— Войска будут защищать Банска-Бистрицу до последней возможности, — сказал он. — Мы все готовы лечь в окопы и драться до последнего патрона.
На это Гусак заметил:
— Генералы должны отдавать приказы. В окопах пусть сражаются солдаты. Есть ли приказ защищать Банска-Бистрицу до конца и будет ли он выполнен? Что предусмотрено, если город отстоять не удастся? Когда наконец армия получит четкие указания о переходе на партизанские методы борьбы в случае вынужденного отхода в горы?
Виест повторил, что повода для беспокойства нет. Все, что необходимо, командование армии делает. Во всяком случае, недели три еще будут идти бои за наиболее укрепленные пункты повстанческой территории.
— Вы думаете продержаться в Бистрице три недели? — вмешался в разговор Шверма. — Но как?
— Если не в Бистрице, то в Доновалах во всяком случае, — ответил Виест. — Там местность и наши силы позволяют держать длительную оборону.
— А что думаете вы, товарищ Асмолов? — обратился ко мне Шмидке.
— Мое мнение всем известно, — отозвался я. — Партизанская война в горах. Другого выхода нет. Еще не поздно кое-что предпринять. Войска должны иметь прямой приказ продолжать борьбу в горах вместе с партизанами.
Вечером 25 октября мы собрались на квартире у Гусака. Были Шмидке, Шверма, Рашла и некоторые другие коммунисты. Наметили ближайшие и дальнейшие задачи, составили призыв к населению Банска-Бистрицы, который был наутро развешан на улицах города.
От Гусака мы со Швермой отправились к себе. Тут уже был Цареградский, прибывший с аэродрома «Три дуба». Он доложил, что полковник Чирсков получил приказ убыть в Советский Союз. Документы Главного штаба отправлены в Украинский штаб партизанского движения одним из последних рейсов.
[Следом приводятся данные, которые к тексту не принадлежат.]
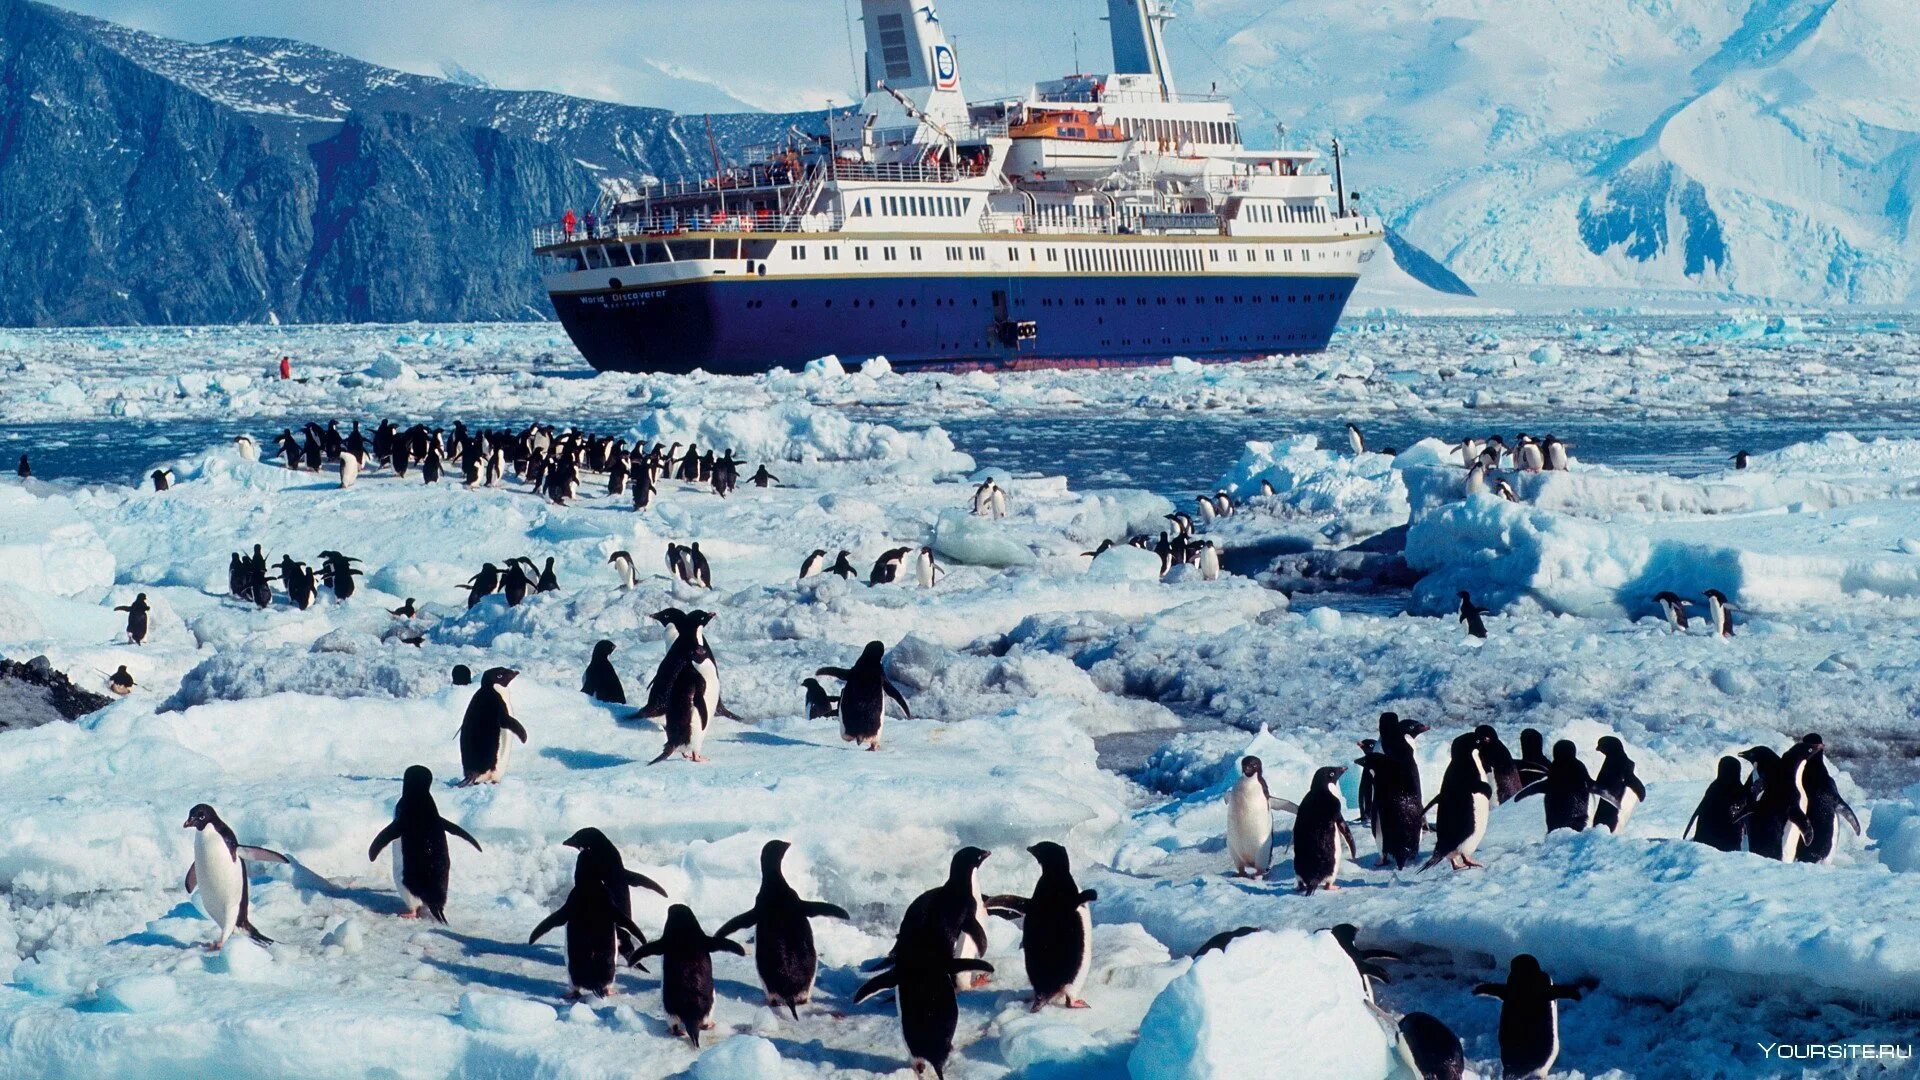 Антарктида путешествие цена. Ушуайя Антарктида круизы. Арктика Антарктика Антарктида. Калипсо Кусто в Антарктиде. Жак Кусто в Антарктиде.

Все стали укладываться спать.
В тот момент мы еще не знали, что назавтра нам придется покинуть Банска-Бистрицу. Все-таки была какая-то надежда, что армия будет защищать город и уж во всяком случае не отступит от него без боя. Но эти надежды не оправдались. Отправившись с утра в Главный штаб, где уже находился Шмидке, я узнал, что штаб Виеста убыл в Доновалы.
— Как это понимать? — спросил я.
— Не знаю, — отозвался Шмидке. — Похоже, что начинают оправдываться наши худшие опасения.
Подошел капитан Кухта:
— Какие будут распоряжения?
Я связался по телефону со штабом бригады Егорова, располагавшимся в селе Гарманце по пути в Доновалы. Ответил начальник штаба бригады Ржецкий.
— Как обстановка? — спросил я.
— Нас бомбят, — отозвался он, — везде немцы, мы в окружении.
— Партизаны всегда действуют в окружении, товарищ Ржецкий, а немцы в Словакии повсюду. Передайте Егорову: Главный штаб сейчас выезжает к вам.
Едва Главный штаб партизанского движения Словакии успел добраться до штаба Егорова, как началась бомбежка Старых гор и дороги на Доновалы, забитой войсками и беженцами. Оказавшись в стороне от бомбового удара, мы с болью в сердце наблюдали за безжалостной расправой гитлеровских летчиков над дезорганизованной армией повстанцев. Отход армии не прикрывался зенитной артиллерией, хотя в армии она имелась.
В три часа дня и мы двинулись в Доновалы. Не успели выйти, как снова услыхали взрывы бомб. Гитлеровцы сделали налет па Старые горы, где мы только что находились. Одновременно вражеские самолеты появились над рекой и лесом.
В тот день стояла прекрасная погода. Октябрьское солнце заливало все вокруг ярким светом. Когда мы пришли в долину, день уже клонился к вечеру, но было еще светло. Стрельба и бомбардировка на. время утихли. Видимо, самолеты ушли на базу за. новым бомбовым грузом. Поляна, поле и лес были усеяны трупами и ранеными, которые звали на помощь. Однако санитаров нигде* не было видно.
Еще день назад тут, в долине Старых гор, на подступах к Доновалам, была сильная оборона. Теперь от нее ничего не осталось. «В узкую долину Старых гор набилось неописуемое множество солдат, гражданских лиц, автомобилей, повозок, оружия, снаряжения и прочего, — пишет Г. Гусак в книге «Свидетельство о Словацком национальном восстании». — Лучших целей для немецких бомбардировщиков и не требовалось… Но даже потери не принесли такого вреда, как возникшая на дороге паника среди солдат и гражданского населения. Начинался полный развал армии. Дисциплина была нарушена. В частях началось брожение, появилось стремление во что бы то ни стало спасти свою жизнь. Начались разговоры об отступлении, бегстве, разложении армии».